So, das sind jetzt die ersten die ich auf die Schnelle gefunden habe. Sobald meine Zettel mit dem Rest wieder auftauchen gibt's einen Edit.

Schreibt mir einfach eine PN und es gilt das Motto "Wer zuerst kommt, mahlt zuerst." und mehr als einen Key gibt's nur in begründeten Ausnahmefällen. 

*Edit:
*Meine Frau hat noch vier unbenutzte Origin-Keys zur Verfügung gestellt.


----------



## Briareos (14. Juni 2014)

So, das grandiose *Bastion* ist weg, *Beatbuddy* sehr wahrscheinlich auch.


----------



## Briareos (14. Juni 2014)

Man, das geht ja jetzt Schlag auf Schlag ... *Mark of the Ninj*a hat auch ein neues Zuhause gefunden.


----------



## Denis10 (14. Juni 2014)

Wenn Risen noch zu haben ist, würde ich mich dafür mal melden.


----------



## Briareos (14. Juni 2014)

So, *Risen* und das *LotRO-Pack* ist auch weg.

Viel Spaß


----------



## Denis10 (14. Juni 2014)

Ist angekommen und jetzt auch auf meinem Steam Account. 


Danke


----------



## sauerlandboy79 (14. Juni 2014)

In meinem Origin-Account wäre noch Platz für ein *Medal of Honor*. Wenn nicht vergriffen, nehme ich es gerne dankend an.


----------



## Batze (15. Juni 2014)

Dann sage ich mal tausend Dank.


----------



## Briareos (15. Juni 2014)

sauerlandboy79 schrieb:


> In meinem Origin-Account wäre noch Platz für ein *Medal of Honor*. Wenn nicht vergriffen, nehme ich es gerne dankend an.

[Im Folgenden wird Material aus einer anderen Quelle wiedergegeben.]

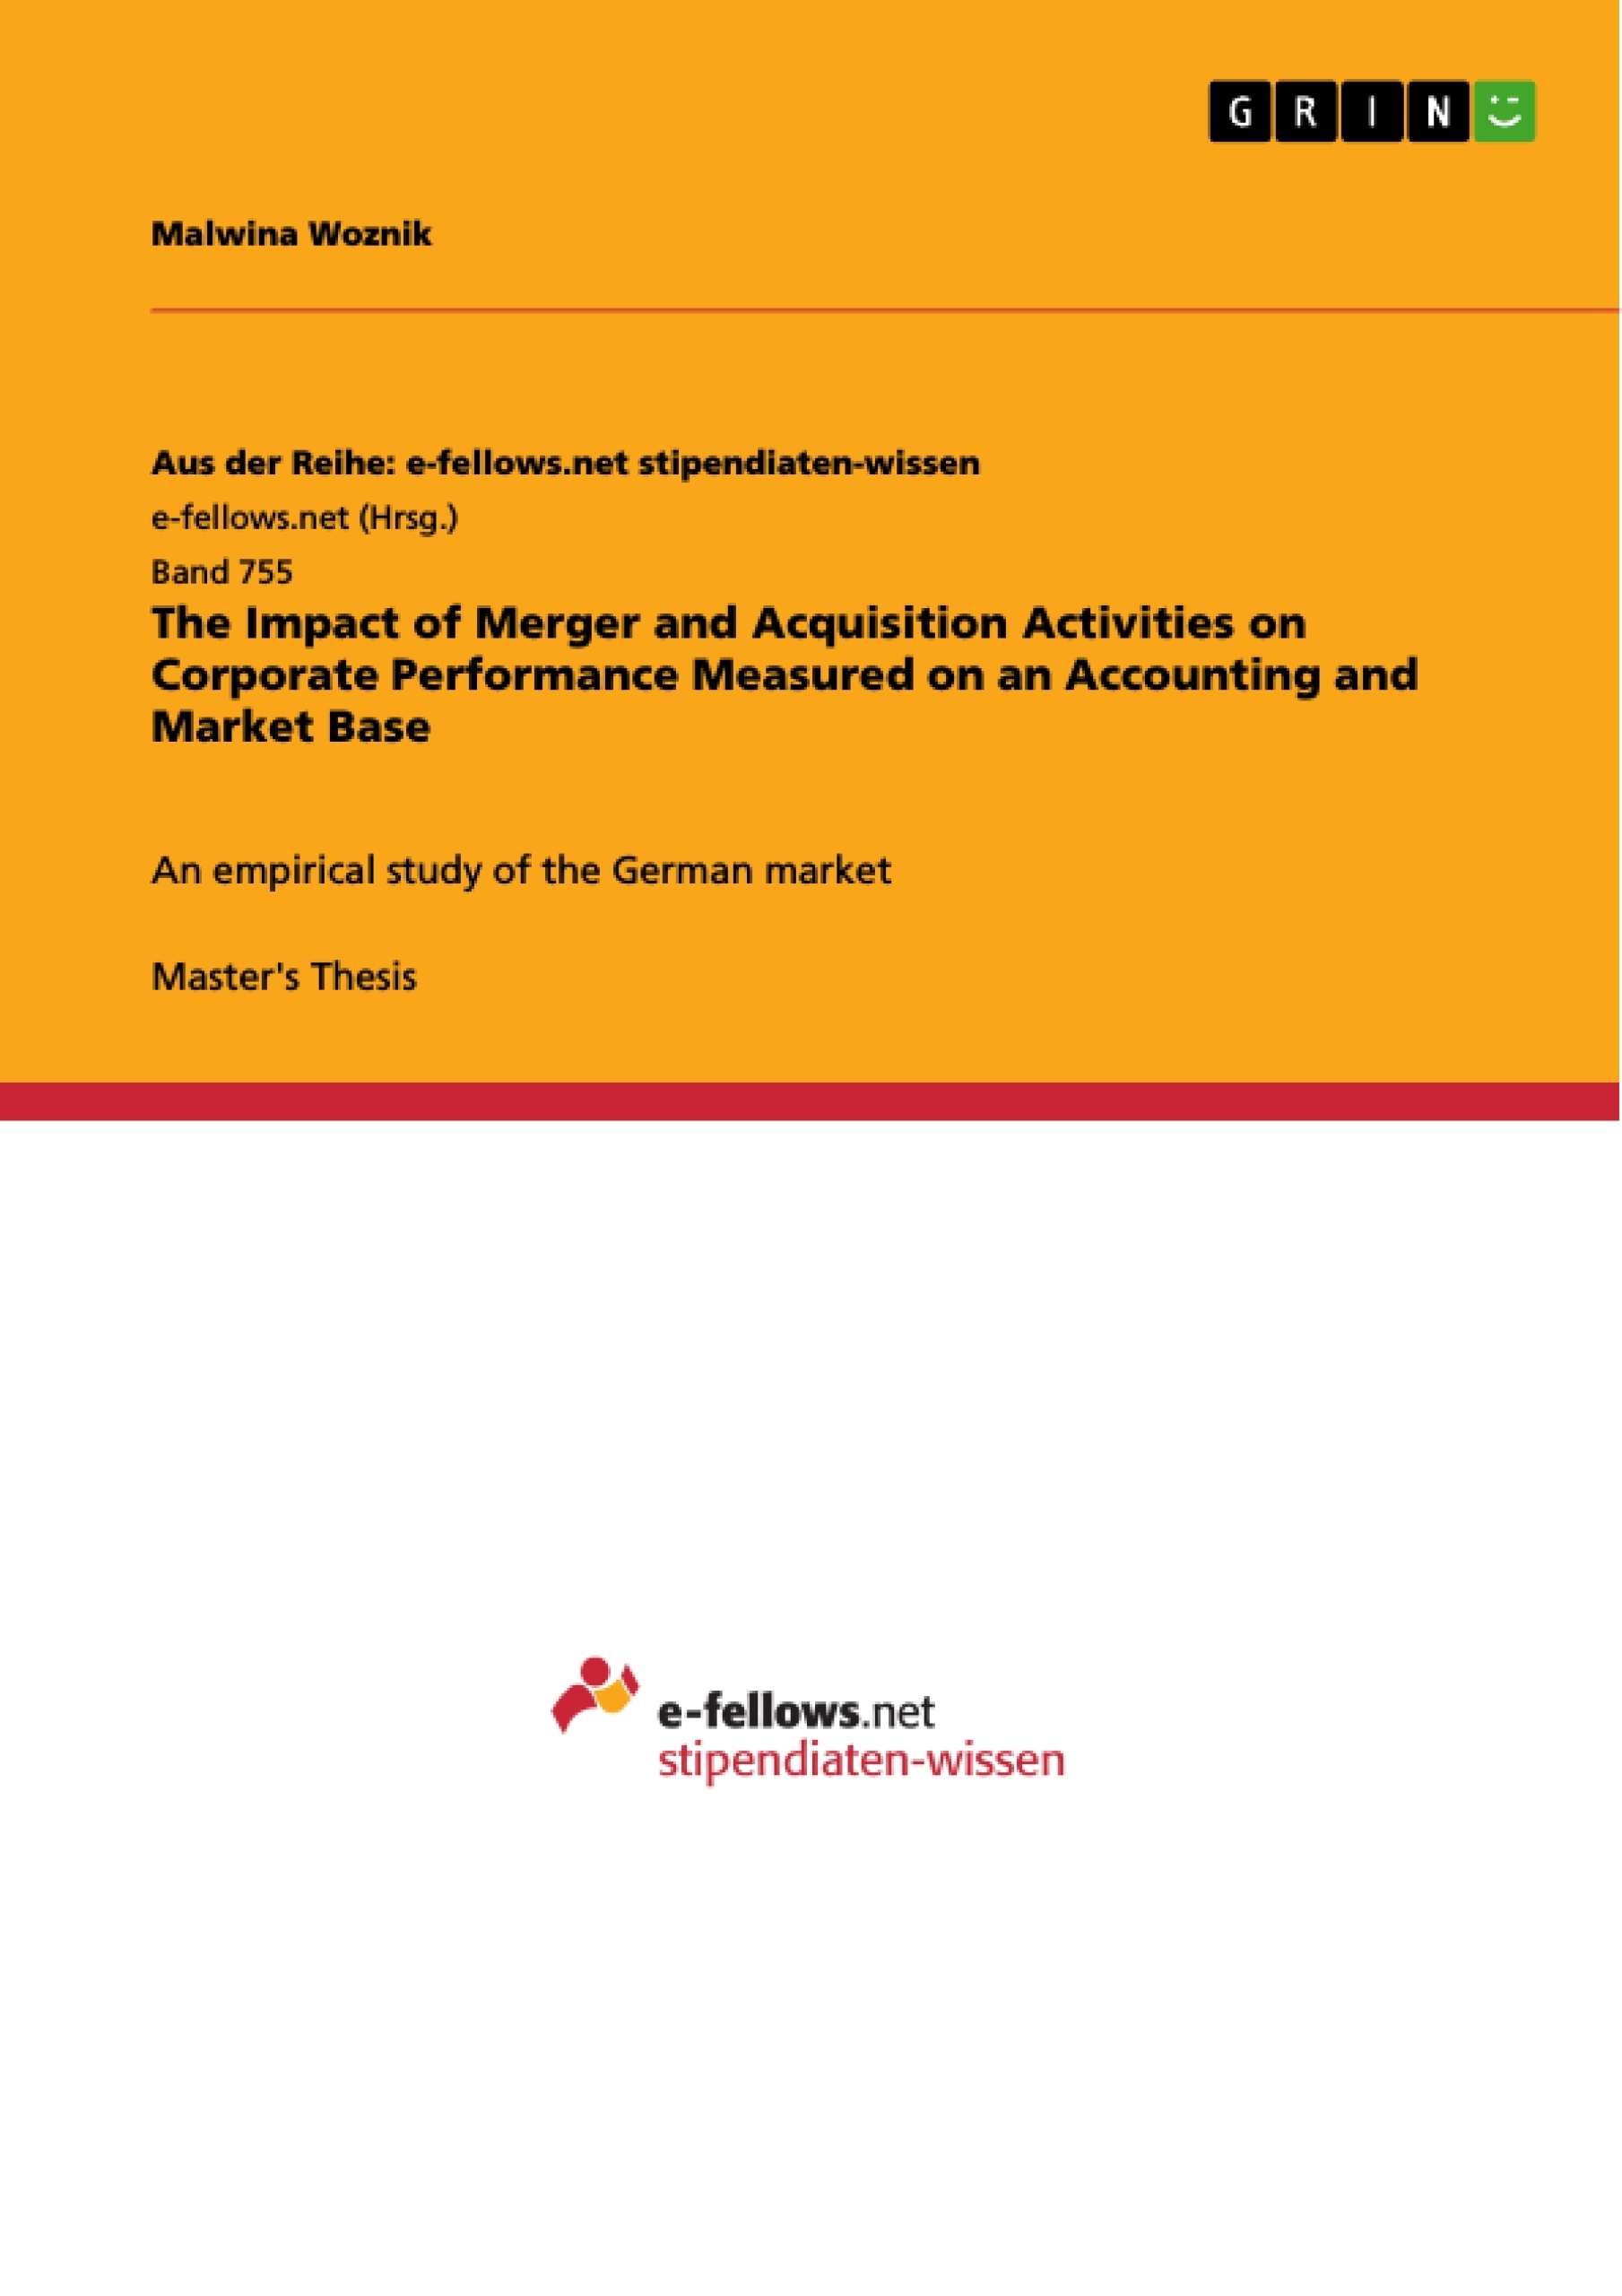 Title: The Impact of Merger and Acquisition Activities on Corporate Performance Measured on an Accounting and Market Base
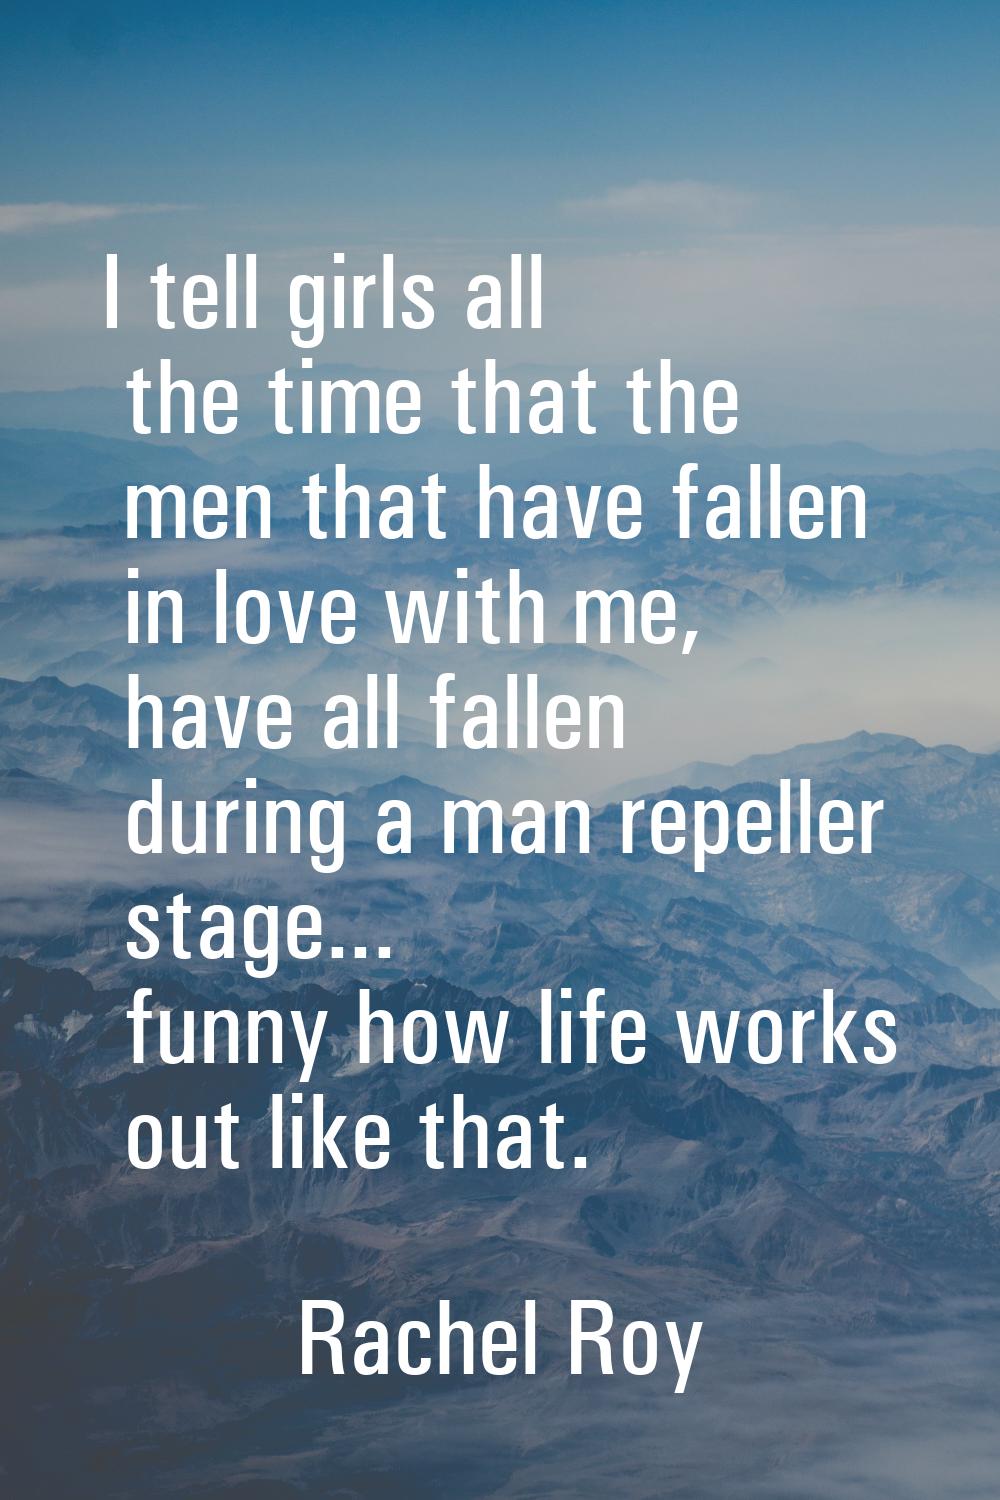 I tell girls all the time that the men that have fallen in love with me, have all fallen during a m

Sorry, da war jemand leider schneller. Ich bin gestern Abend jedoch nicht mehr dazu gekommen alles zu aktualisieren, irgendeine sportliche Randveranstaltung in Südamerika hat meine Aufmerksamkeit beansprucht. 

BtW: *Beatbuddy*, *Medal of Honor* und *Burnout Paradise* sind nun auch weg.


----------



## Rabowke (15. Juni 2014)

Briareos ... coole Aktion! Drei kleine Rabauken nach oben!


----------



## smooth1980 (15. Juni 2014)

Sollte das Spiel *Mirror's Edge* noch zu haben sein dann würde Ich mich riesig darüber freuen.Sehr nette Aktion von Dir auf jeden Fall.


----------



## Briareos (16. Juni 2014)

smooth1980 schrieb:


> Sollte das Spiel *Mirror's Edge* noch zu haben sein dann würde Ich mich riesig darüber freuen.Sehr nette Aktion von Dir auf jeden Fall.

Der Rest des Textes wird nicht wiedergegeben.